The University of Johannesburg recently publicised a study published in Informatics in Medicine Unlocked examining how to improve machine learning (ML) algorithms for healthcare use. Algorithms can better identify healthy individuals since they are often trained on ‘unbalanced’ datasets containing more healthy than sick individuals. Since fewer data points exist describing ill patients, algorithms learning from these datasets can be inaccurate at diagnosing sick individuals.
Therefore, the study’s investigators, Drs Ibomoiye Domor Mienye and Yanxia Sun, determined how building cost sensitivity into algorithmic models affected their diagnostic performance ( i.e., algorithms receive larger penalties for false negatives than for false positives). The rationale is that telling a sick person that they are healthy carries more danger than the other way round.
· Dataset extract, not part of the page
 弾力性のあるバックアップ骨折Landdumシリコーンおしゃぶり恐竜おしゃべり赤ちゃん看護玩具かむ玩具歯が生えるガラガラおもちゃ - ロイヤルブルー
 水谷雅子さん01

Logistic regression, decision tree, XGBoost, and random forest models were trained on public learning datasets for diabetes, breast cancer, cervical cancer and chronic kidney disease obtained from the University of California, Irvine machine learning repository. These are supervised binary classification algorithms that learn from ‘yes/no’ datasets. Each dataset contains a diagnosis and the relevant diagnostic data for each patient.
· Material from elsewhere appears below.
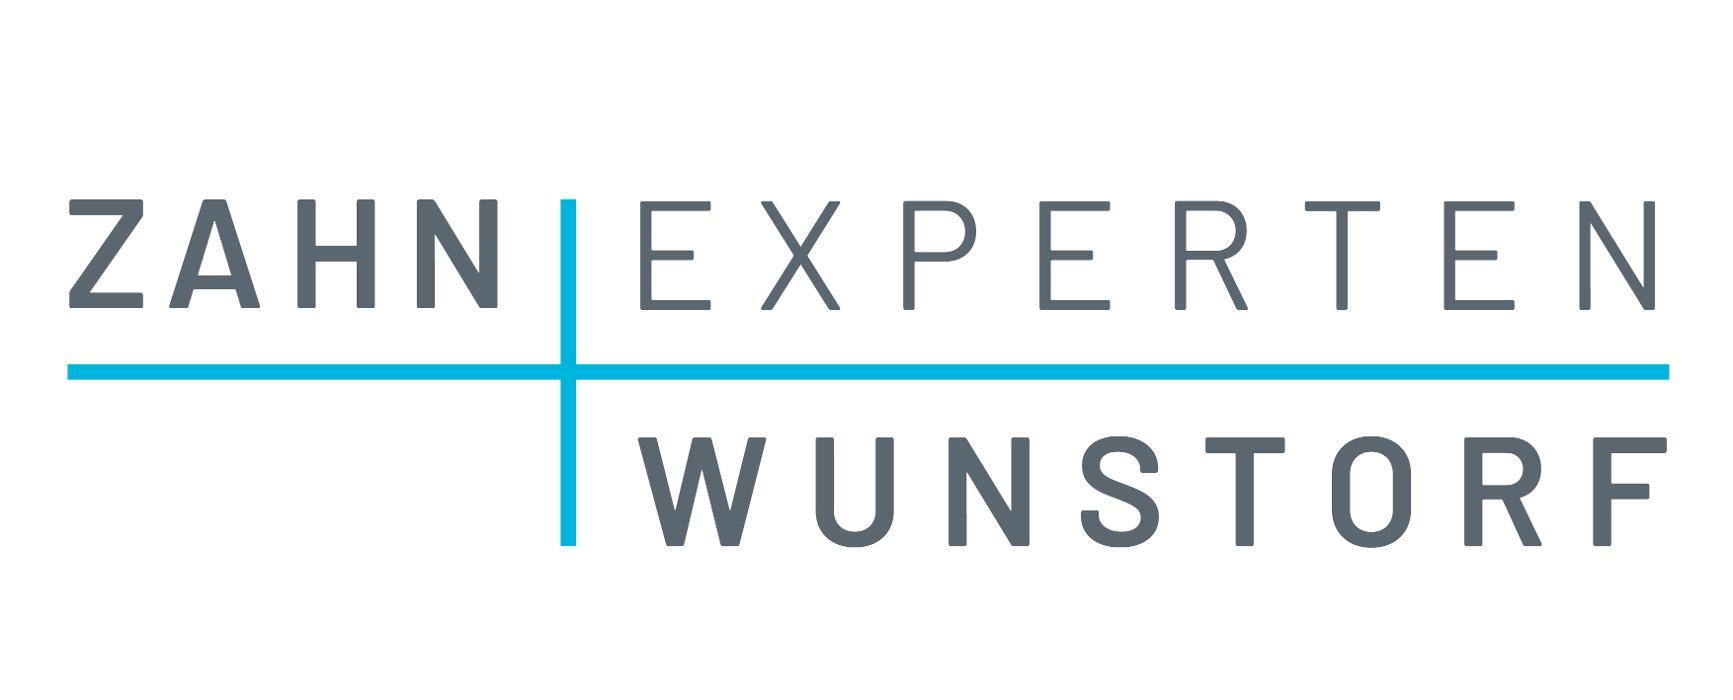 ZahnExperten Wunstorf

In almost every case, adding a penalty boosted performance so that the algorithms identified fewer healthy people as sick (precision) and sick people as healthy (recall). For example, in chronic kidney disease, cost-sensitivity increased random forest precision to 0.990 and recall to a perfect 1.000 from 0.972 and 0.946, respectively. For cervical cancer, cost-sensitivity in random forest and XGBoost improved precision and recall to 1.000 from high score. Thus, adding penalties effectively compensated for the imbalance in the datasets.